ECMO – extracorporeal membrane oxygenation – is a life support device that takes over the functions of the heart and lungs, allowing them to rest and heal.  He originally developed it to help premature infants survive, since they are born before their lungs were fully developed.  I once had the eery experience of visiting his ECMO lab and seeing all these tiny infants lying in incubators hooked up to machines, warm and rosy, but with absolutely no heartbeat or rising of their lungs with the intake of breath. Because of ECMO, Bobby has saved the lives of countless children.  He went on to develop uses for ECMO in adult patients, including, ironically, transplant patients.  And ECMO became critical in saving the lives of hundreds, perhaps thousands, during the height of the Covid pandemic.  When I would call during that time, his wife, Wanda, would tell me he was busy “running the world” over Zoom as hospitals all over the globe were consulting with him about how best to use ECMO with patients with Covid. In another ironic, or hugely coincidental twist, last year the University of Minnesota (my alma mater and the hospital where I received my heart transplant) began using a new mobile ECMO ambulance, the first ever such vehicle used to deliver life-saving care to people suffering cardiac arrests, (I’ve had three), improving survival rates by 30%. (Can you feel my pride swelling as you read this?)

Even though Bobby left home young and moved far away, after several years, he realized that family was incredibly important to him and he moved closer to home. 

After my parents died, as the oldest, he became the self-appointed patriarch of the family, which, as the youngest, and the “baby sister,” was more often than not frustrating to me. But I have also been grateful for the ways he took care of certain family matters and made sure the four of us siblings got together from time to time.

He and his wife, Wanda, so often orchestrated family reunions at their home in Ann Arbor or at the family cabin. 

With Sir and Lady Bartelot in Stopham, England

He so enjoyed the times when we were all together. He loved to “hold court” at family gatherings and was the keeper of much family lore, including the Bartlett genealogy.  When he visited me when I lived in England he, Wanda, and I traveled to the Bartelot estate in Stopham to “meet the family.” 

The most reverent I have ever seen him was when he was looking at the stained glass windows of the Bartlett ancestors in the Stopham church sanctuary.


He was devoted to our family, coming to every family wedding, birthday celebration, and even his nephew’s and grand nephew’s college choir and orchestra concerts.
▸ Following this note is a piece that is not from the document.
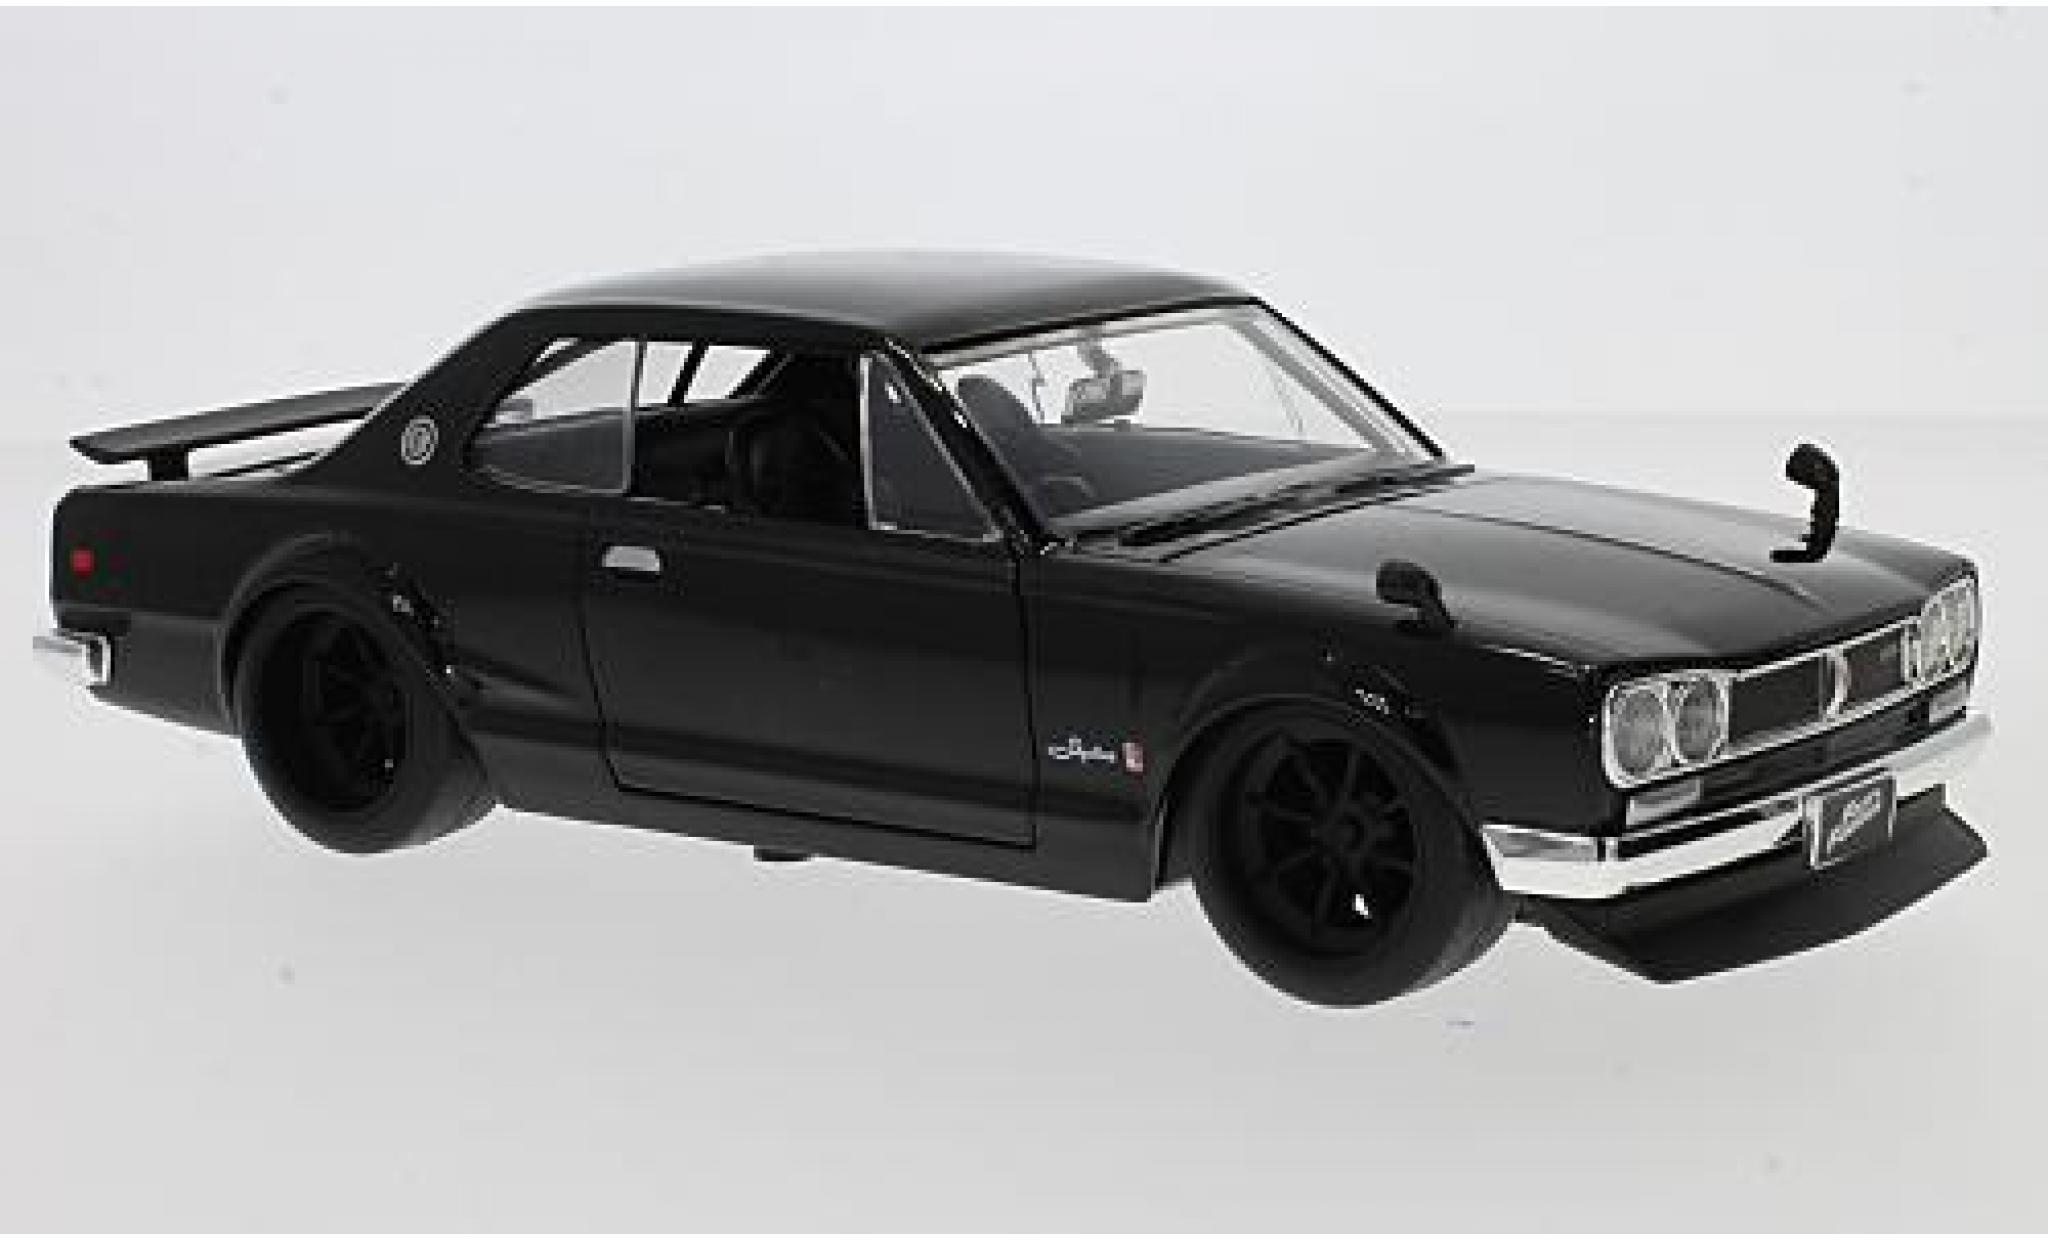 Nissan Skyline 1/24 Jada 2000 GT-R (KPGC10) black RHD Fast & Furious

My brother could be incredibly aggravating and infuriating to me and I’ve had my share of grievances over the years, but he was also tremendously loving and generous and magnanimous. He was deeply respected, admired, and beloved by so many.  He worked hard and played harder – whether skiing the slopes of Colorado or sailing the seas around the San Juan Islands near Vancouver, or Lake Michigan, or Walloon Lake or playing the upright bass or baritone horn in the Life Sciences Orchestra at the University of Michigan. He lived and loved with such gusto – engaging life the way he did me, sweeping it up in his arms and greeting it with boundless exuberance and love.